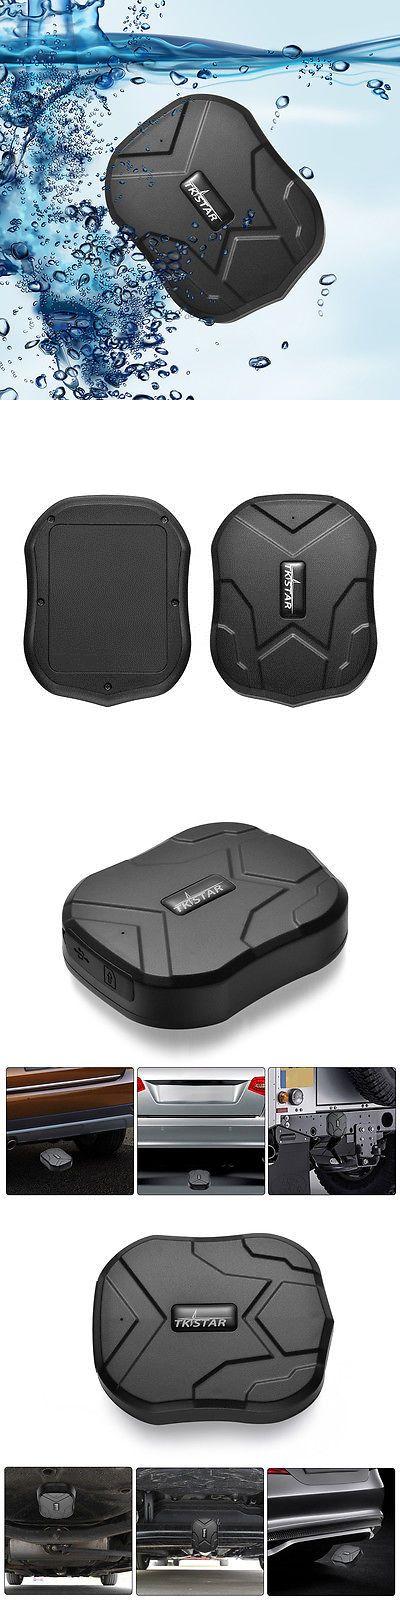 tracking devices tkstar mini sos alarm gps tracker locator for kids elders cars waterproof ps110
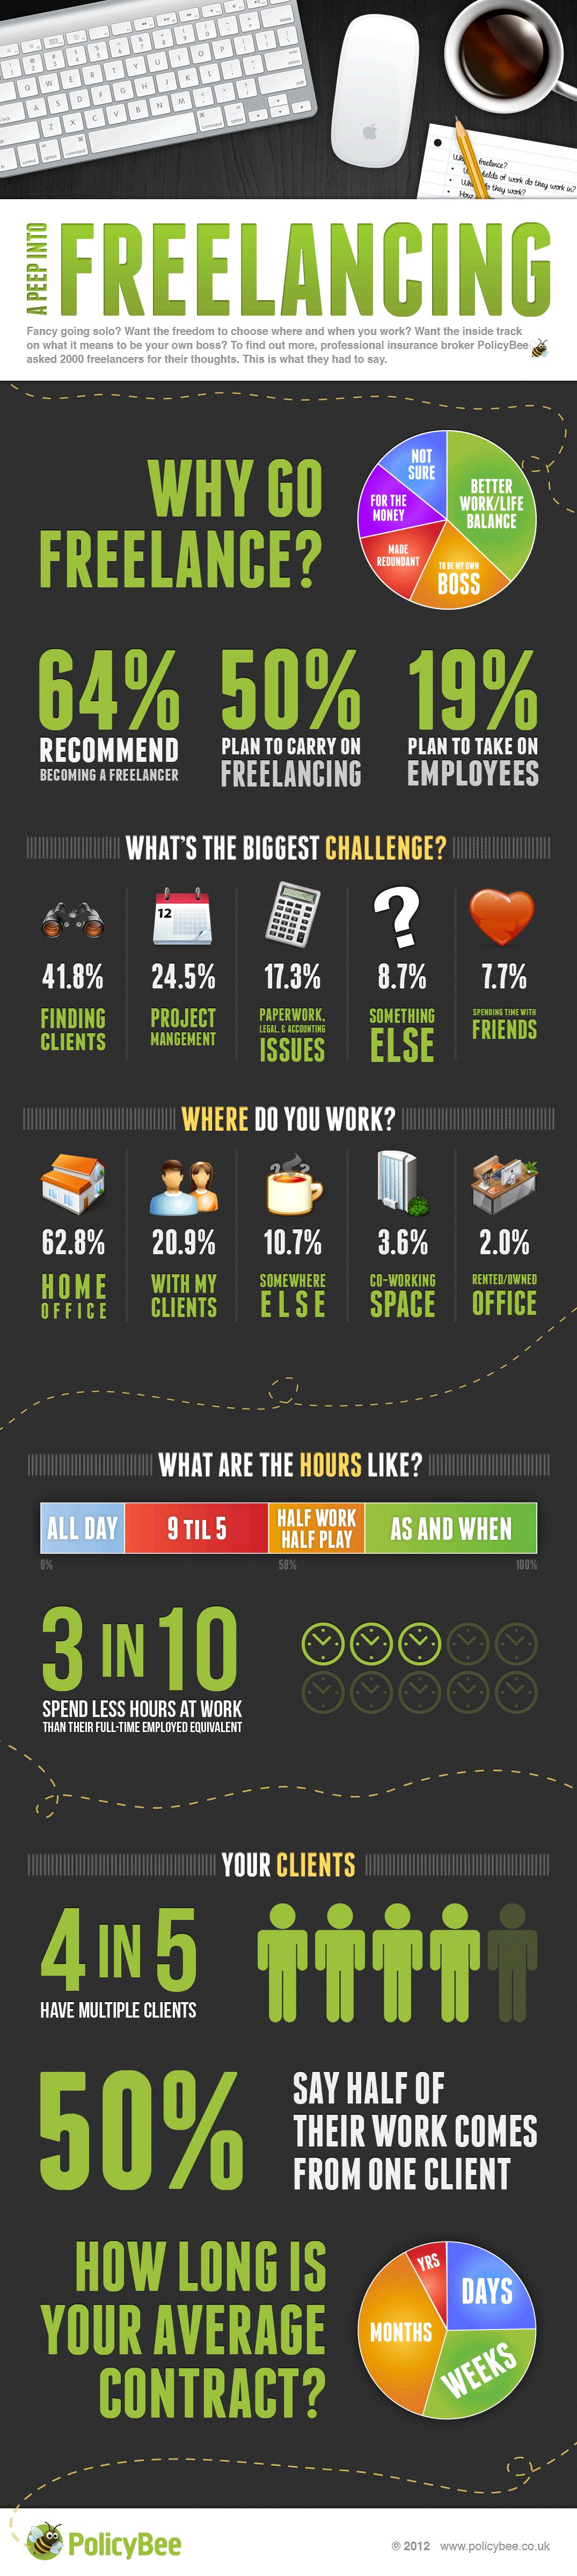 Freelancers On Freelancing Infographic Churchmag Infographic Freelancing Jobs Freelance
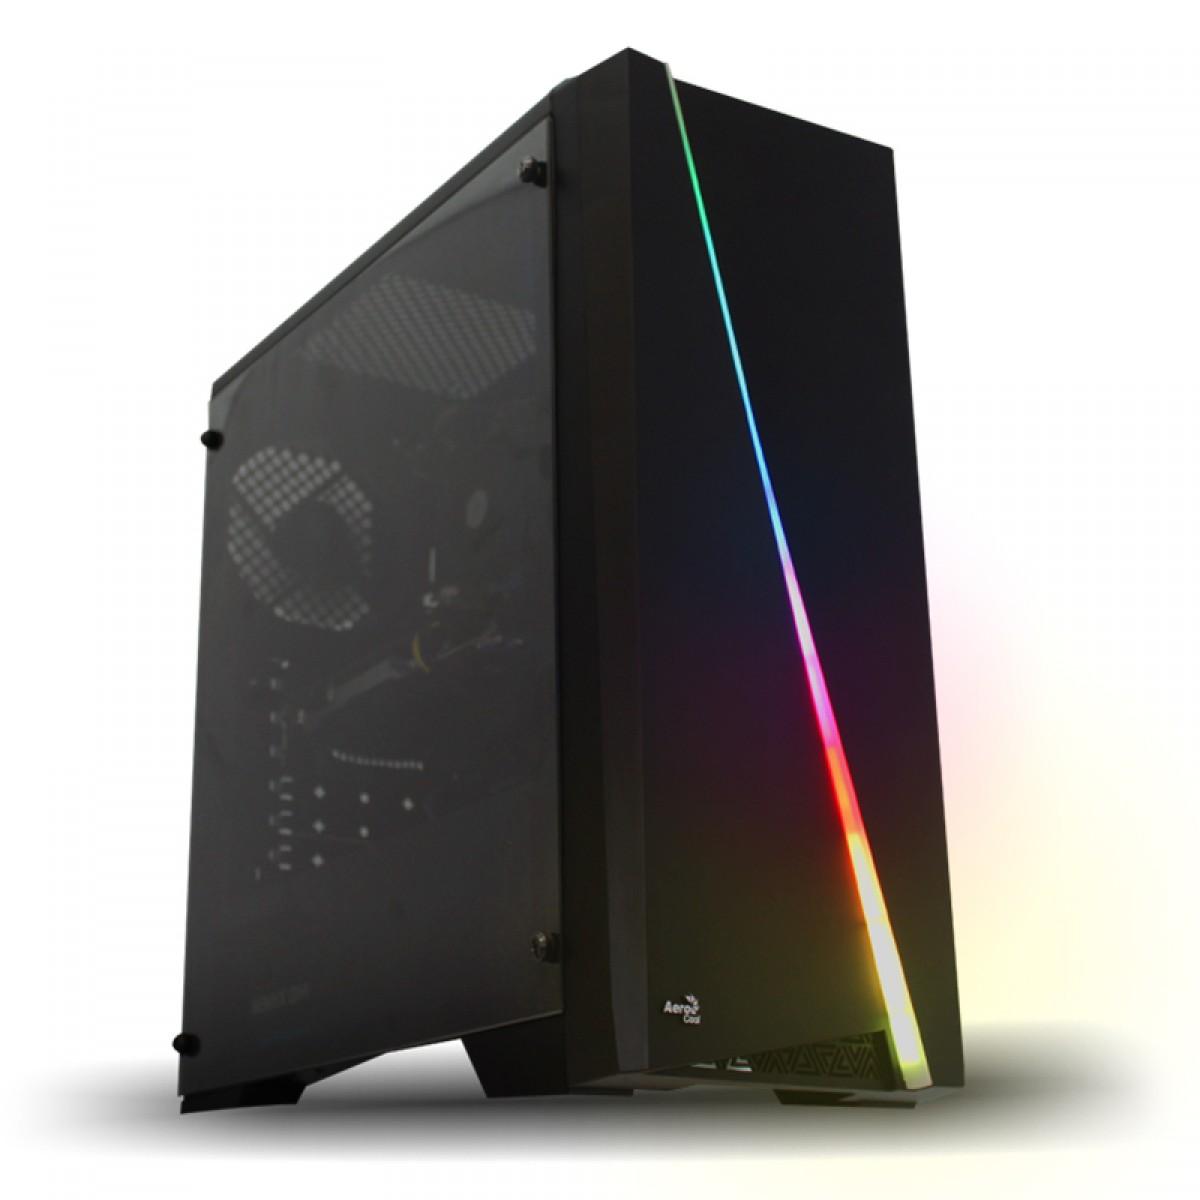 Pc Gamer T-Power Super Warlord Lvl-3 AMD Ryzen 7 3700X / Geforce RTX 2060 6GB / DDR4 16GB / HD 1TB / 600W / RZ3

WORK REQUIRED
Give back the whole listing exactly, without pictures.

FINAL ANSWER
 tracking devices tkstar mini sos alarm gps tracker locator for kids elders cars waterproof ps110
 Freelancers On Freelancing Infographic Churchmag Infographic Freelancing Jobs Freelance
 Pc Gamer T-Power Super Warlord Lvl-3 AMD Ryzen 7 3700X / Geforce RTX 2060 6GB / DDR4 16GB / HD 1TB / 600W / RZ3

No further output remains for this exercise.